§ Activity: The full listing, exactly as written and with no images, is the expected output.

§ Available data:
—————

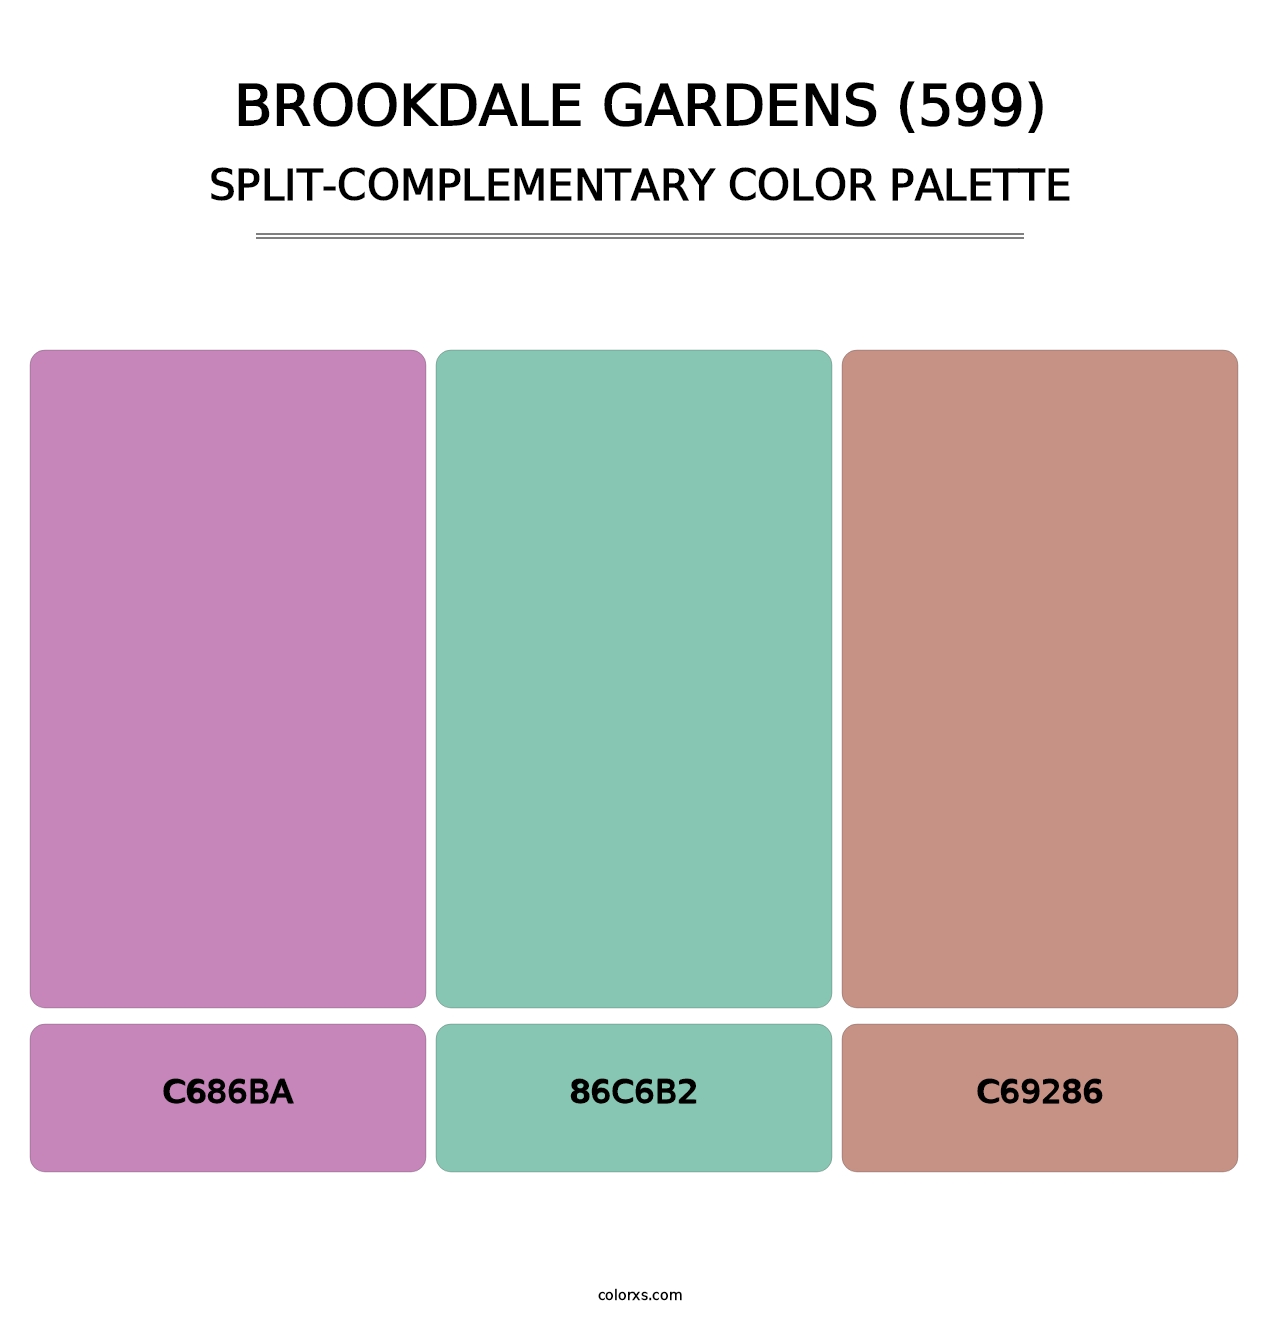 Brookdale Gardens (599) - Split-Complementary Color Palette
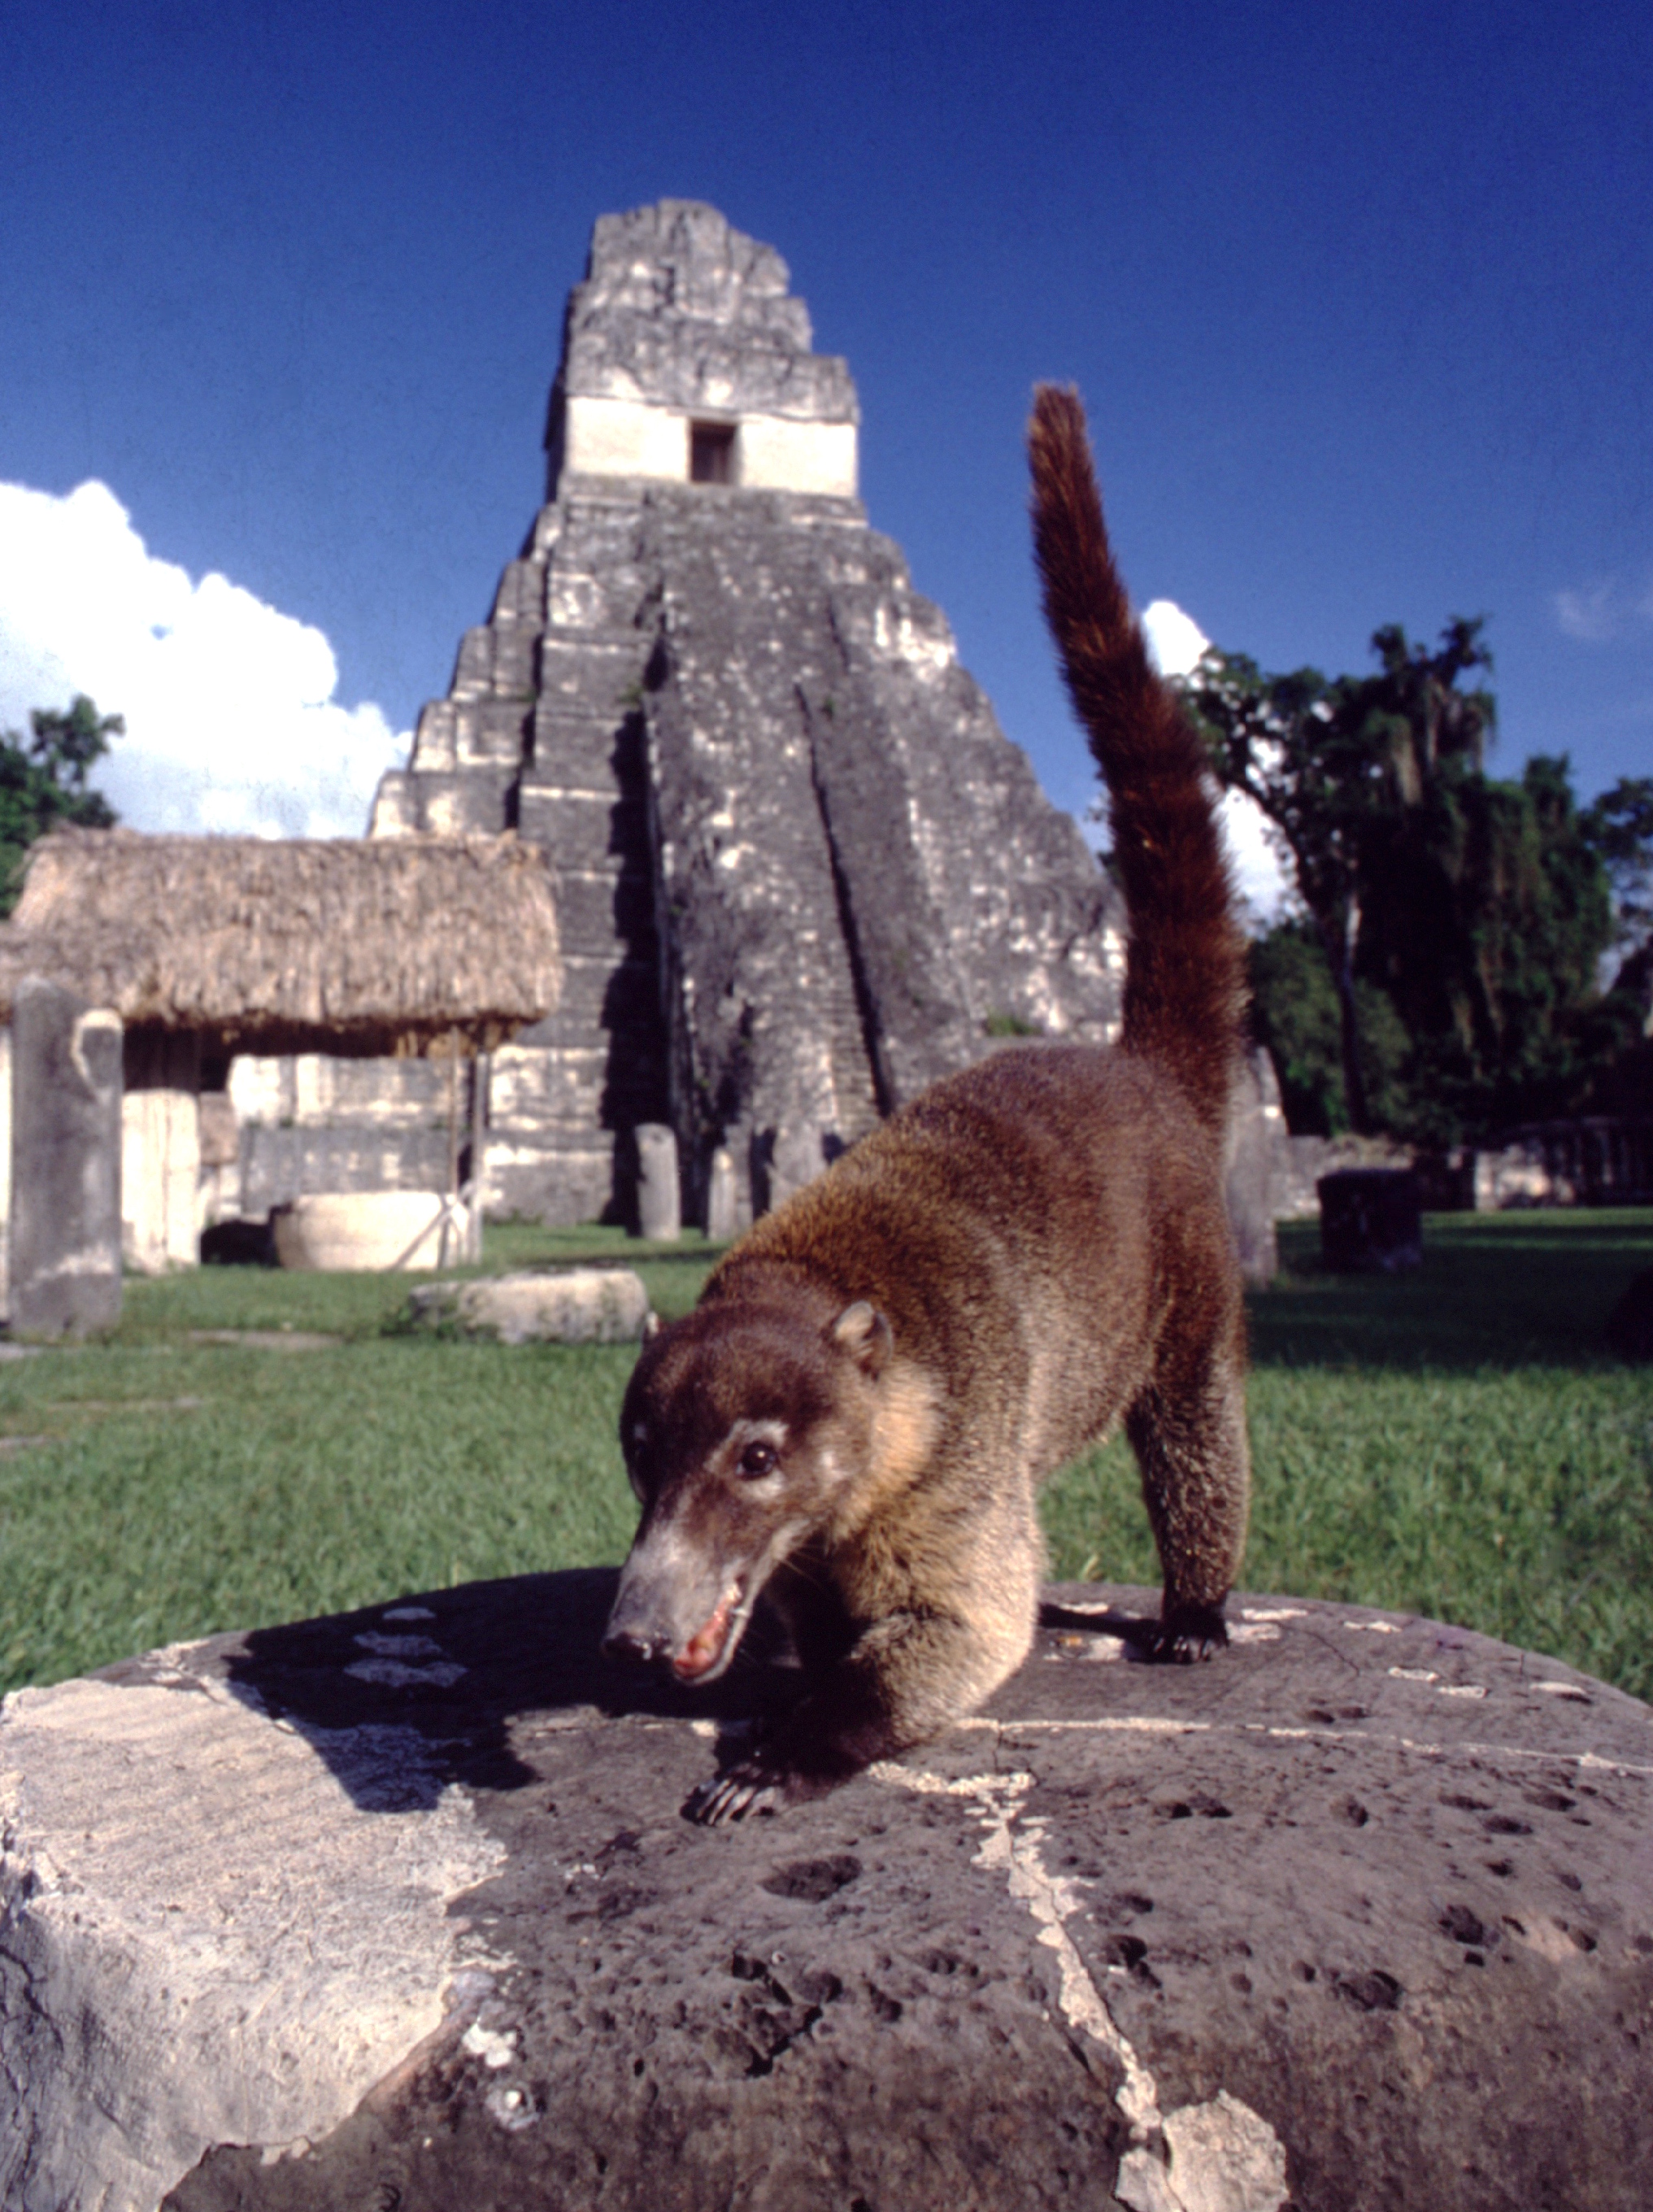 Les ruines de Tikal sont encore vivantes ; la preuve, ce petit coati omnivore, qui n’hésite pas à venir griffer les sacs des touristes transportant leur casse-croûte.
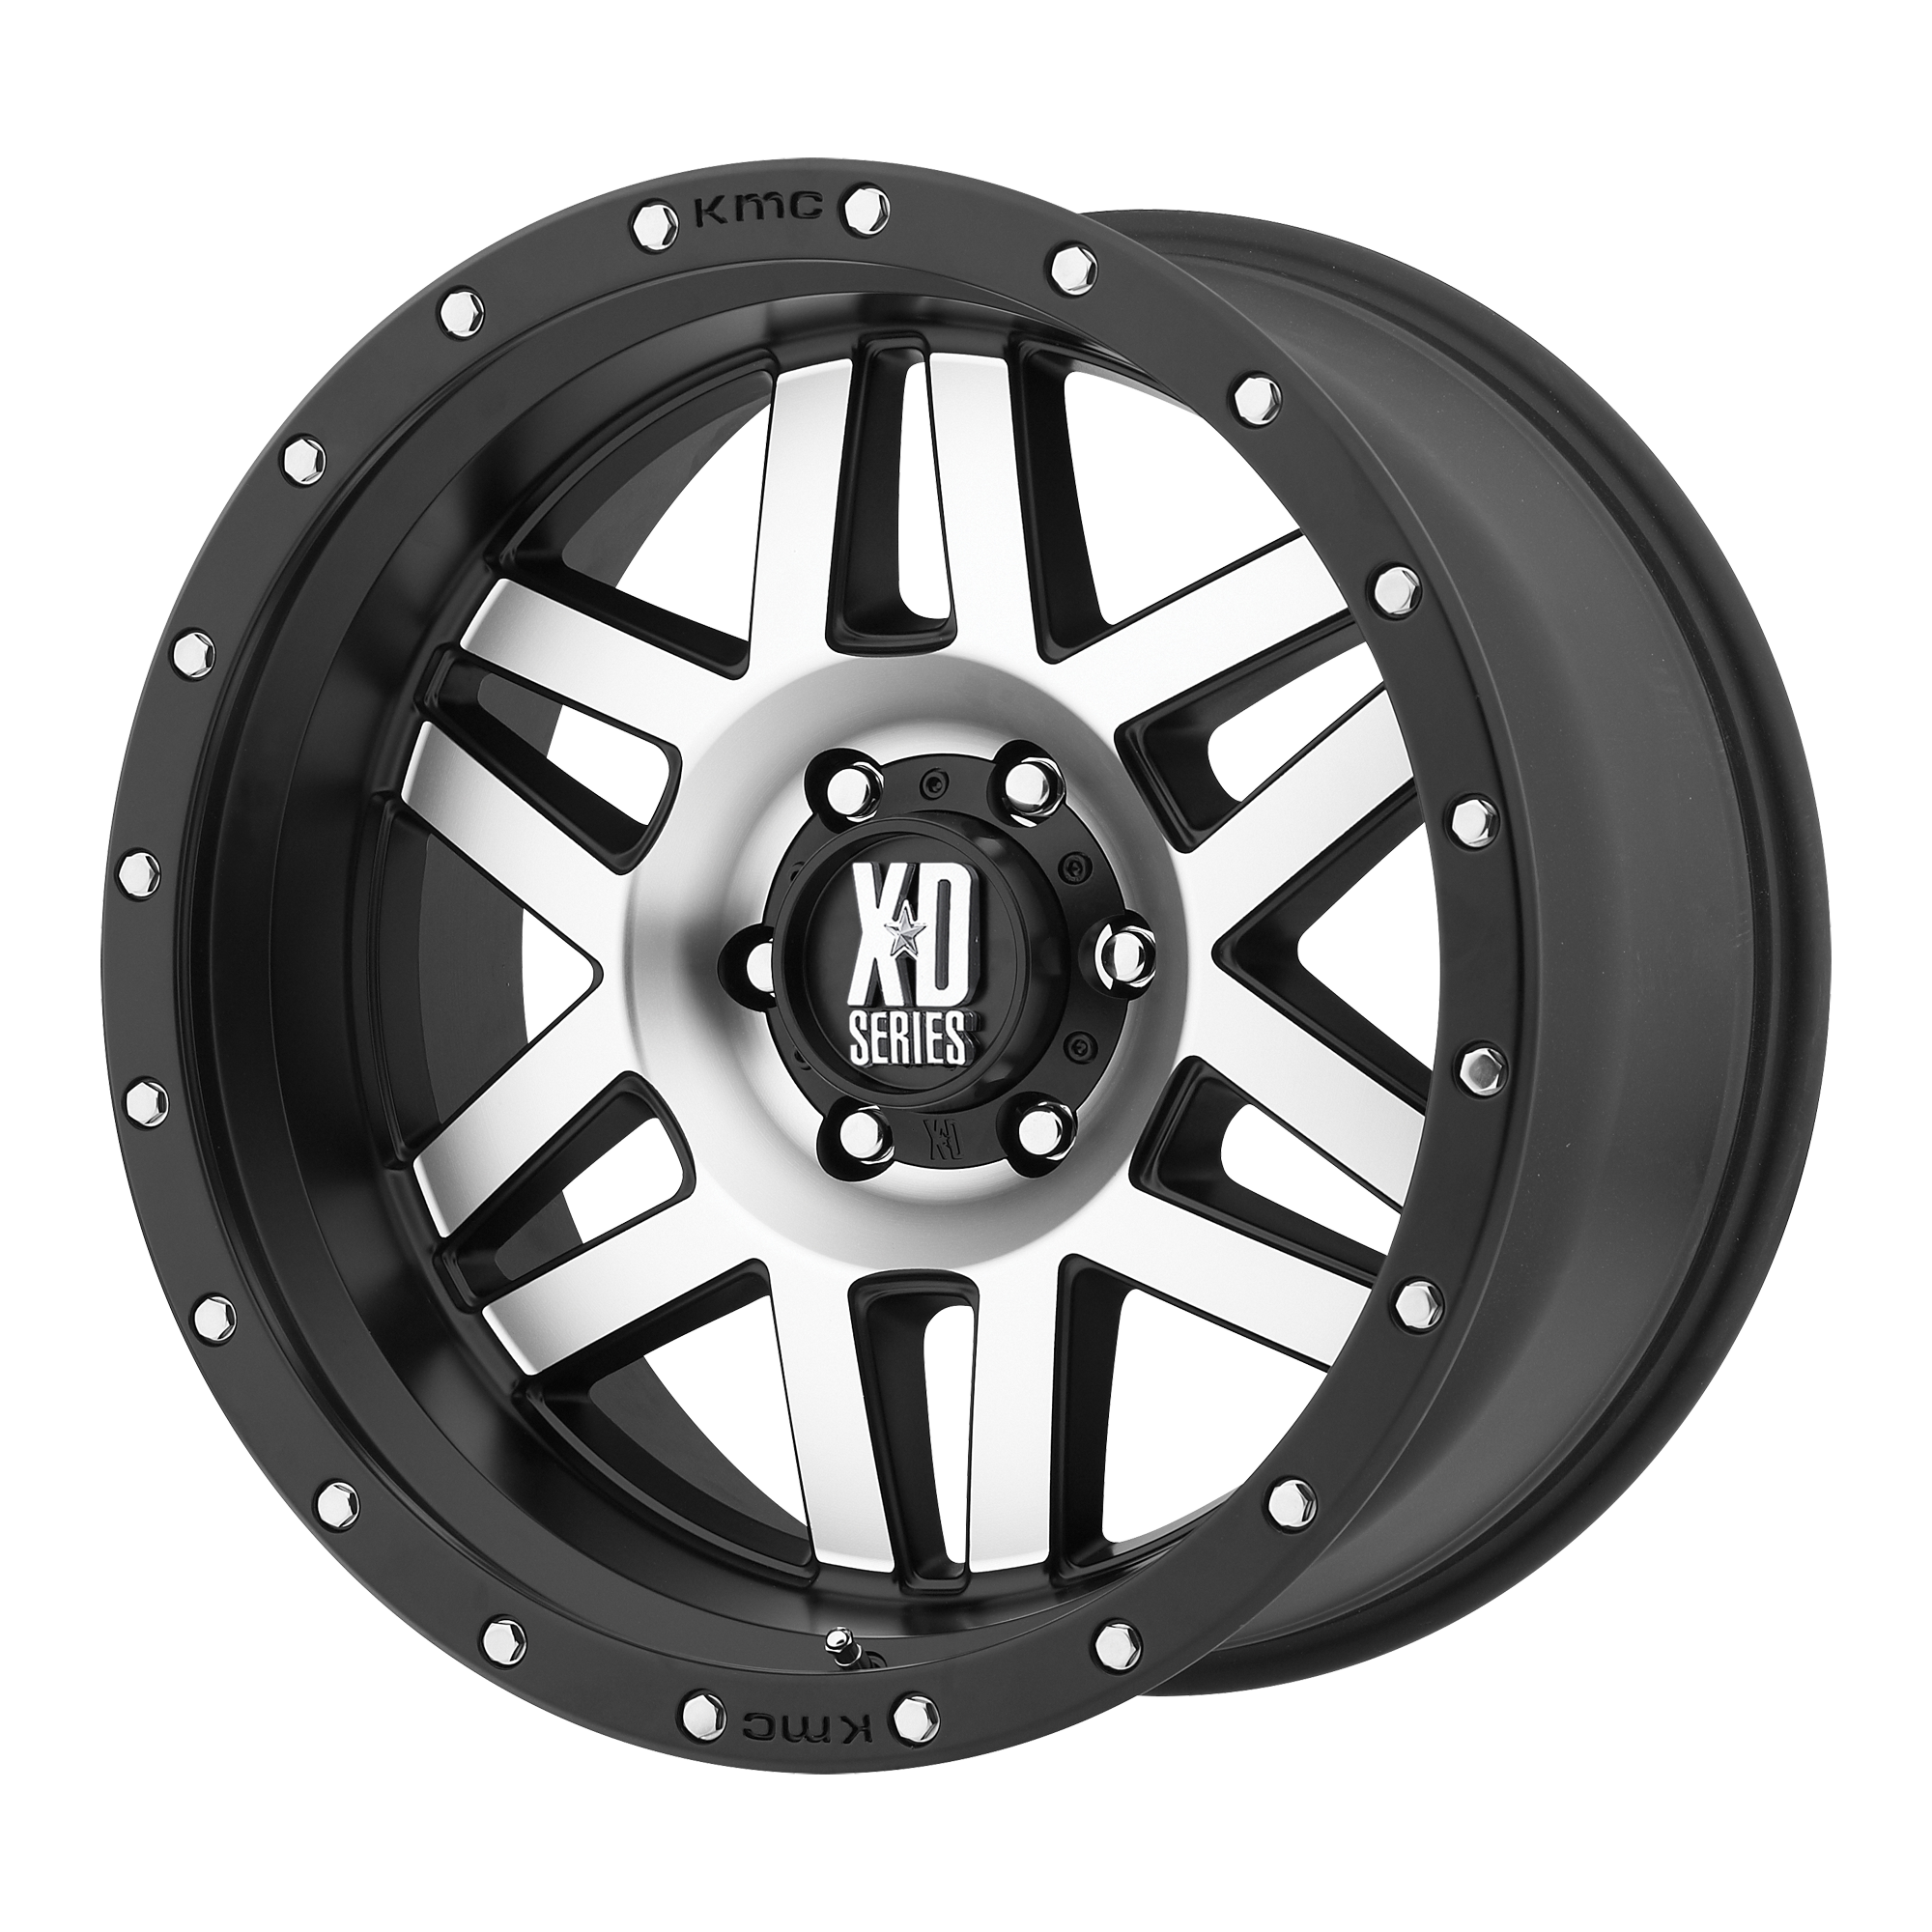 Xd колеса. Диски KMC XD Series. KMC XD Wheels. Колесный диск XD Series xd301 9x17/5x139.7 d108 et18 Satin Black. Колесный диск XD Series xd822 Monster II 9x17/5x127/135 d87.1 et-12 Matt Black.

—————

§ Exercise result:
 Brookdale Gardens (599) - Split-Complementary Color Palette
 Les ruines de Tikal sont encore vivantes ; la preuve, ce petit coati omnivore, qui n’hésite pas à venir griffer les sacs des touristes transportant leur casse-croûte.
 Xd колеса. Диски KMC XD Series. KMC XD Wheels. Колесный диск XD Series xd301 9x17/5x139.7 d108 et18 Satin Black. Колесный диск XD Series xd822 Monster II 9x17/5x127/135 d87.1 et-12 Matt Black.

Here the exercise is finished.